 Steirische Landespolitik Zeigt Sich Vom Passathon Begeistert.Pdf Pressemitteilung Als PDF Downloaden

###

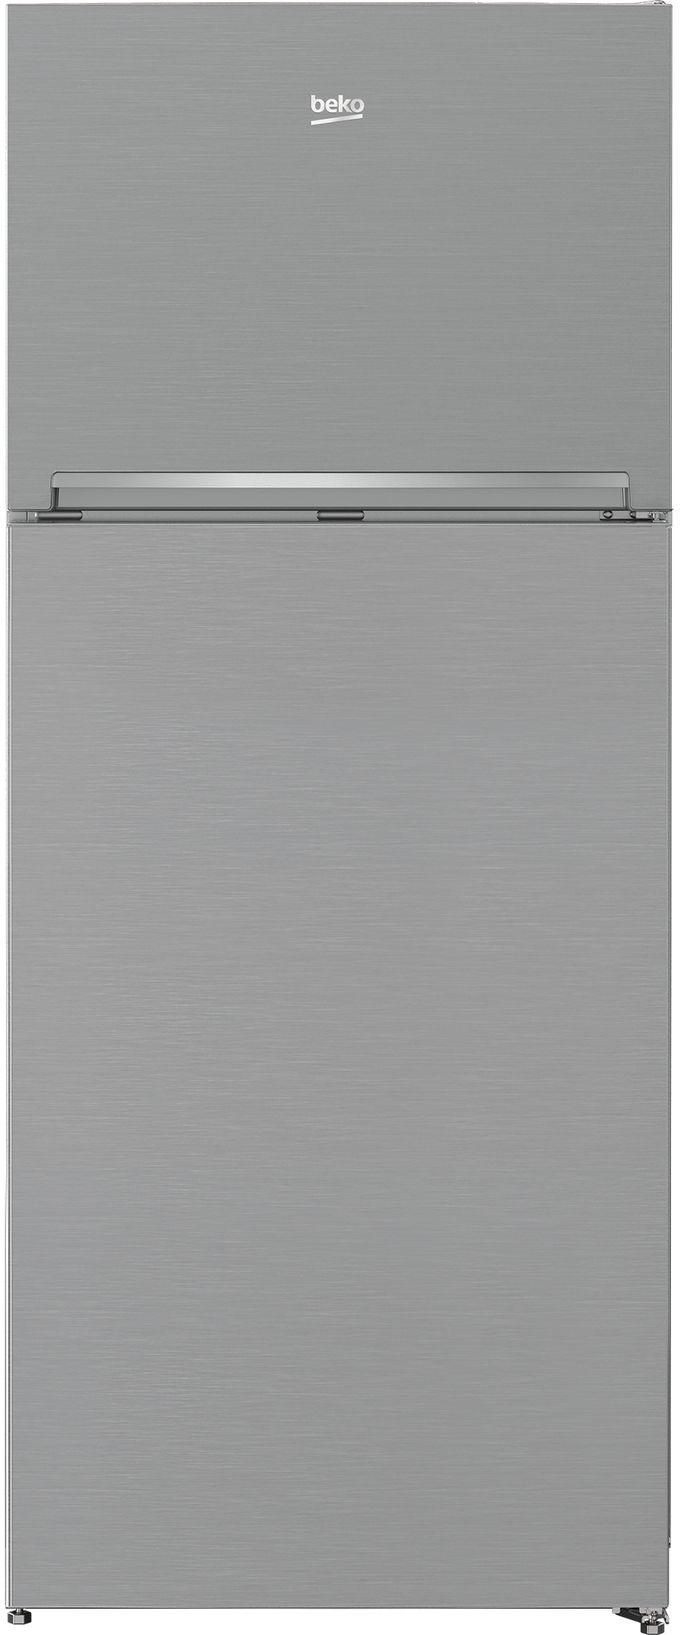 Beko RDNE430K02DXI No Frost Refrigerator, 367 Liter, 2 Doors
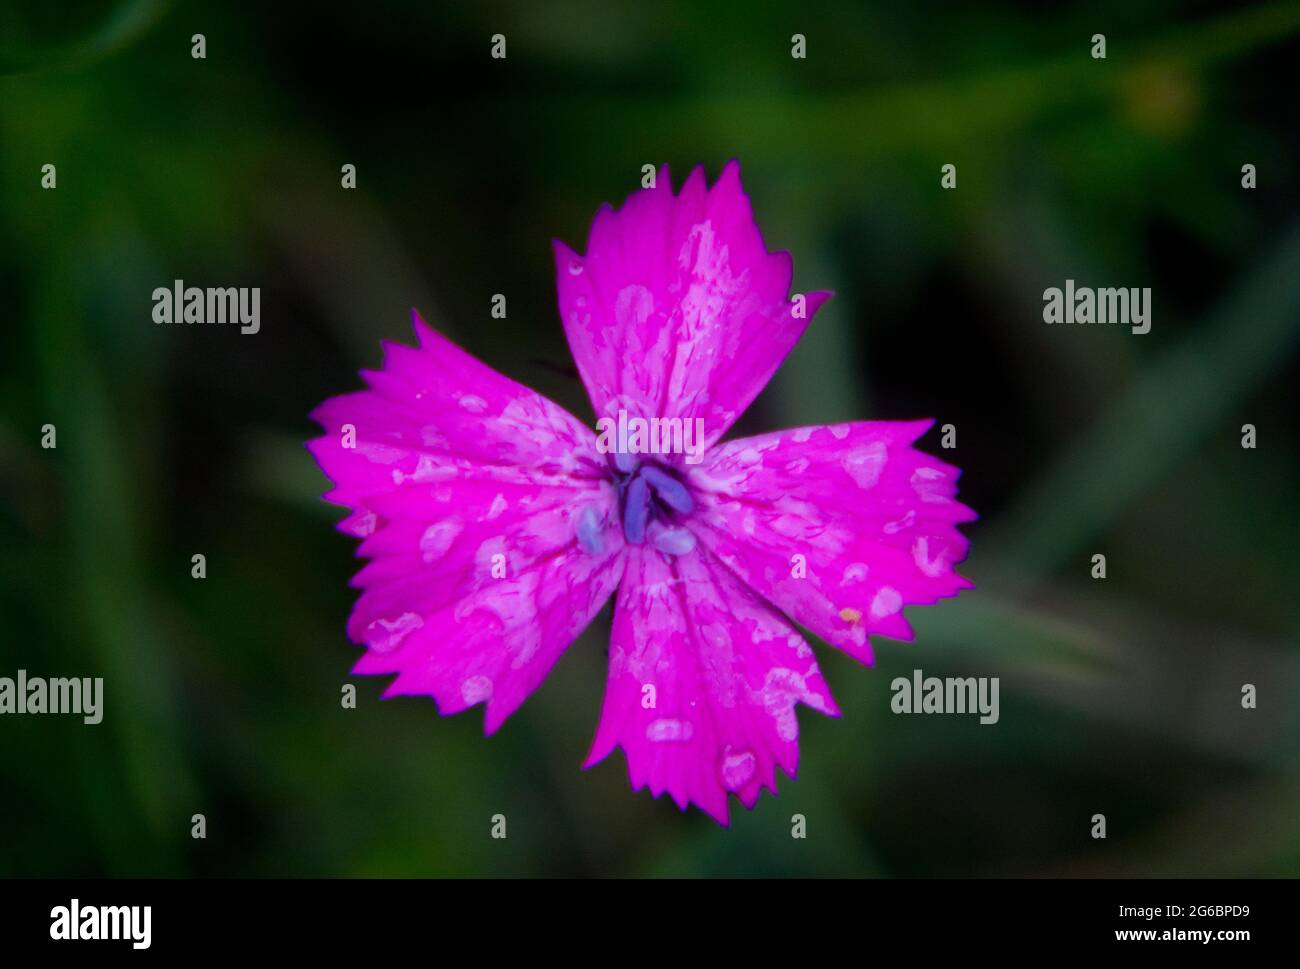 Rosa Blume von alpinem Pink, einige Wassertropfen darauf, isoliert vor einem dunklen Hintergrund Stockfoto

###

- _PROBLEM DESCRIPTION_
Taking the material above, give again exactly the lines from the one holding "Beko RDNE430K02DXI No" through the one holding "Rosa Blume von", with both ends and without pictures.

- _REPLY TO THE EXERCISE_
 Beko RDNE430K02DXI No Frost Refrigerator, 367 Liter, 2 Doors
 Rosa Blume von alpinem Pink, einige Wassertropfen darauf, isoliert vor einem dunklen Hintergrund Stockfoto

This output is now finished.